The Environmental Protection Agency has announced a plan to end all uses of the insecticide endosulfan in the United States. An EPA news release said that endosulfan, which is used on vegetables, fruits and cotton, “can pose unacceptable neurological and reproductive risks to farmworkers and wildlife and can persist in the environment.”

Makhteshim Agan of North America, the manufacturer of endosulfan, opposed EPA’s findings, but announced that it would voluntarily participate in a plan to withdraw endosulfan over time.

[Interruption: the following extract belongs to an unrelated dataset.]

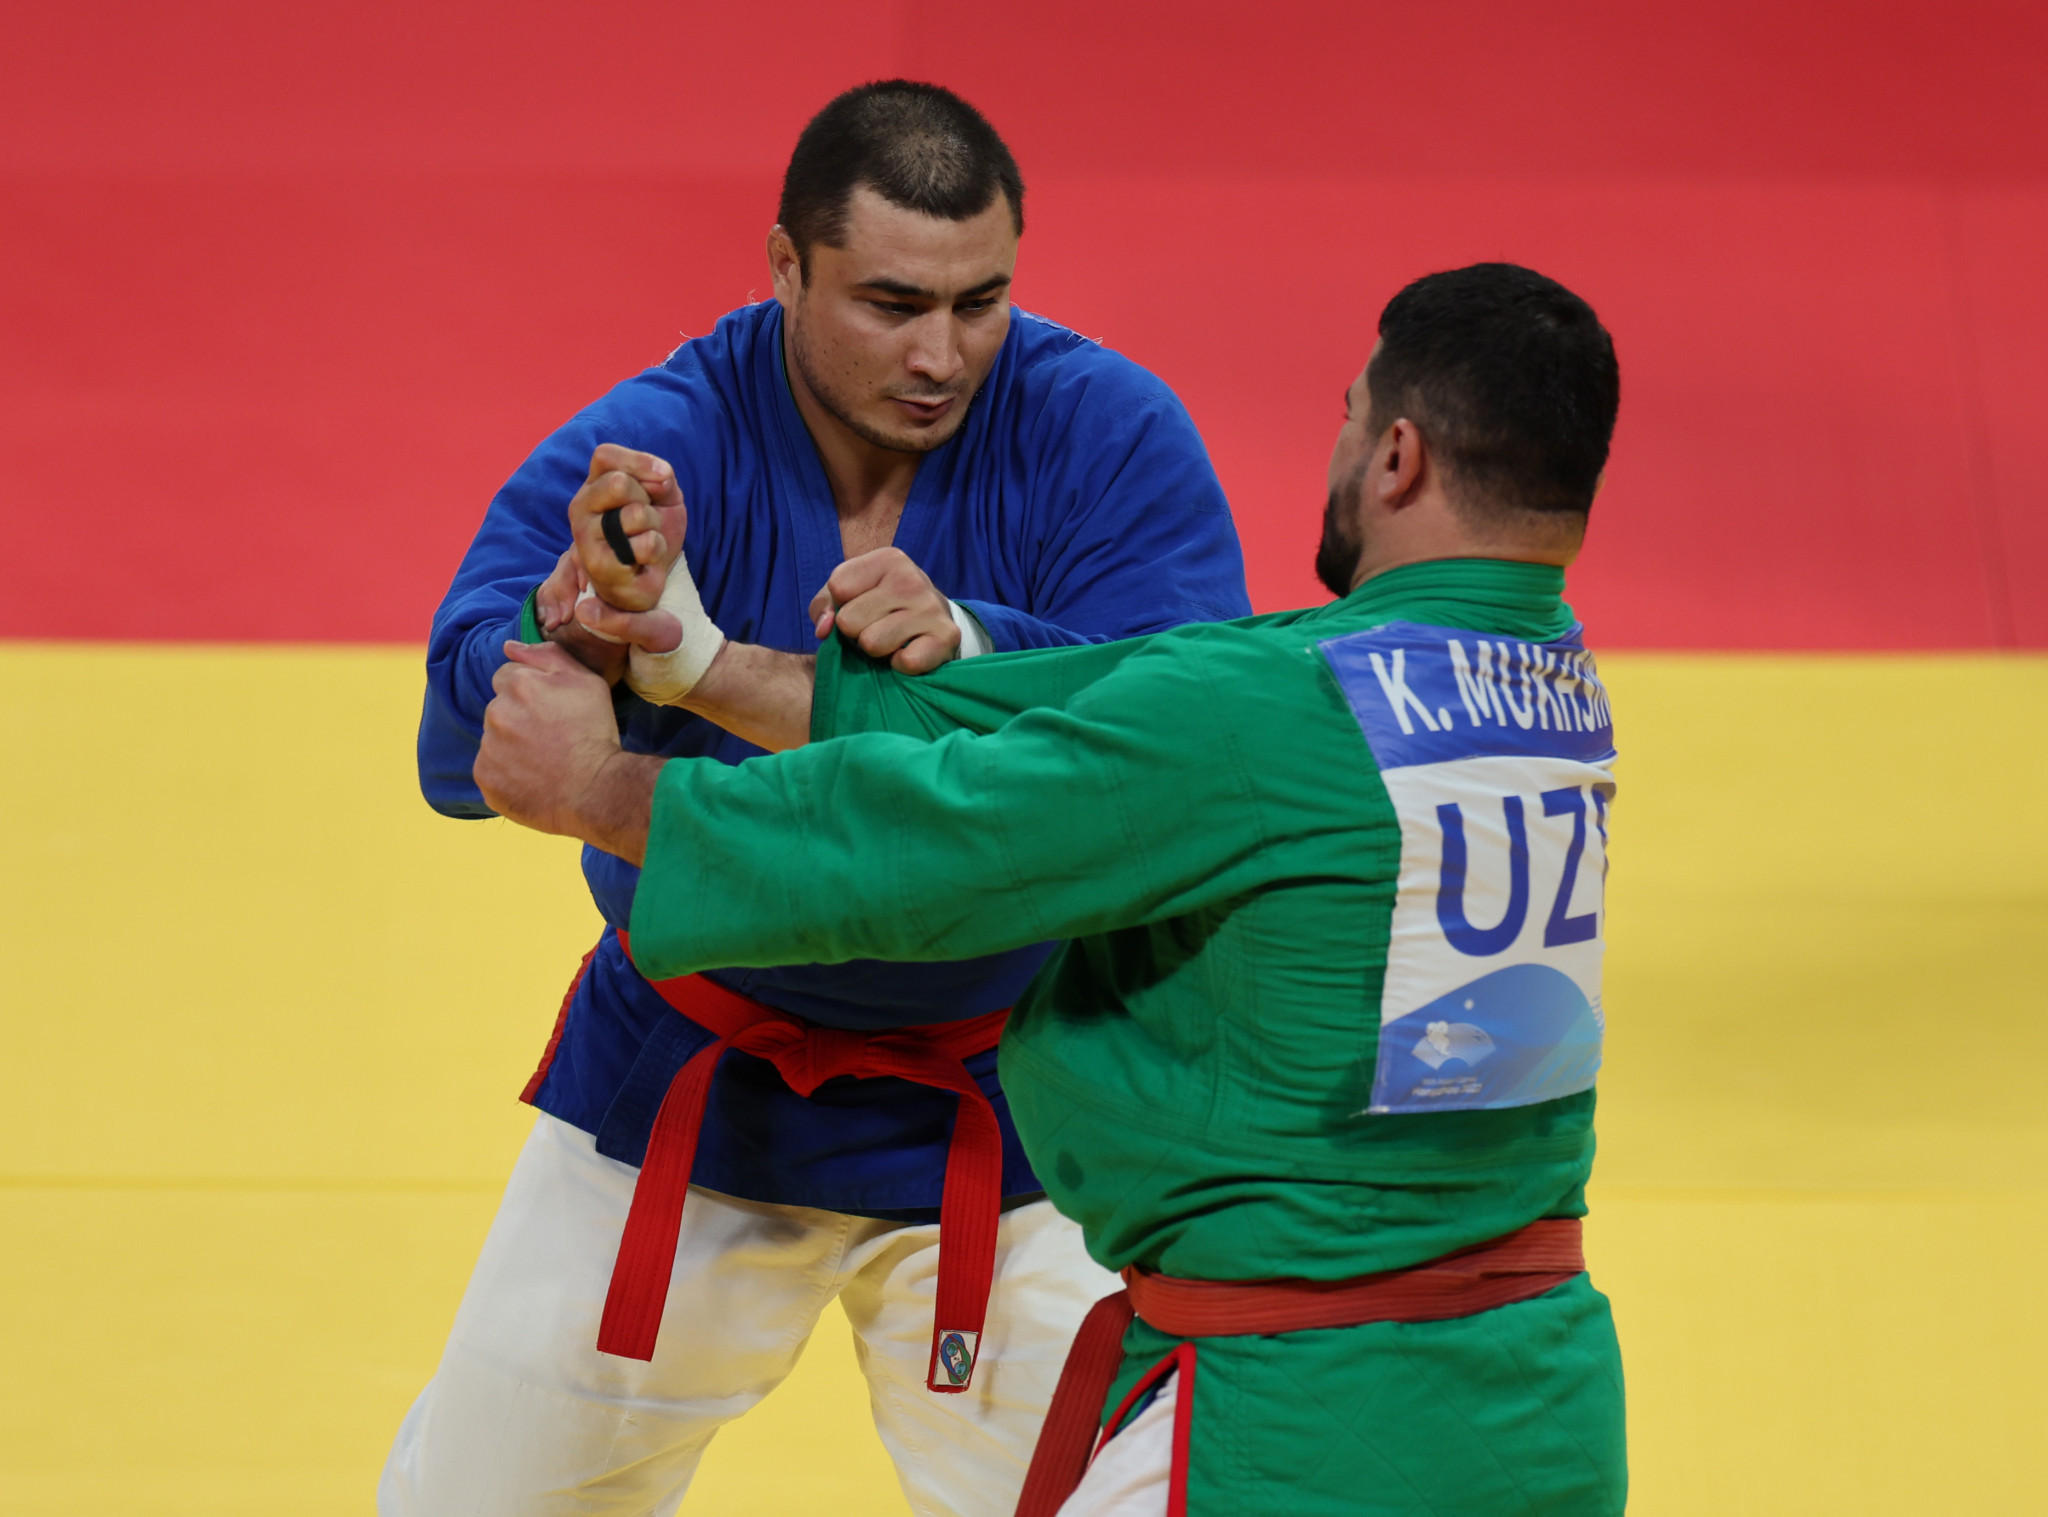 Mukhsin Khisomiddinov, right, was one of three Uzbek gold medallists as the country claimed all three golds ©Hangzhou 2022

“From a scientific standpoint, MANA continues to disagree fundamentally with EPA's conclusions regarding endosulfan and believes that key uses are still eligible for re-registration,” said Scott Rawlins, MANA director of global governmental and industry relations. “The agency has made a number of overly conservative and unrealistic assumptions about how endosulfan is used that do not reflect the best available science.

“However, given the fact that the endosulfan market is quite small and the cost of developing and submitting additional data high, we have decided to voluntarily negotiate an agreement with EPA that provides growers with an adequate time frame to find alternatives for the damaging insect pests currently controlled by endosulfan,” Rawlins said.

Endosulfan was first registered in the 1950s. MANA is the exclusive marketer of two formulations of endosulfan under the brand names Thionex 3EC and Thionex 50W.

Details of the final timetable for Thionex will be announced to producer organizations and agricultural product retailers in the coming weeks.

EPA stated said that farmworkers “can be exposed to endosulfan through inhalation and contact with the skin. Endosulfan is used on a very small percentage of the U.S. food supply and does not present a risk to human health from dietary exposure.”

EPA says the phase out “is based on new data and scientific peer review, which have improved EPA’s assessment of the ecological and worker risks from endosulfan.”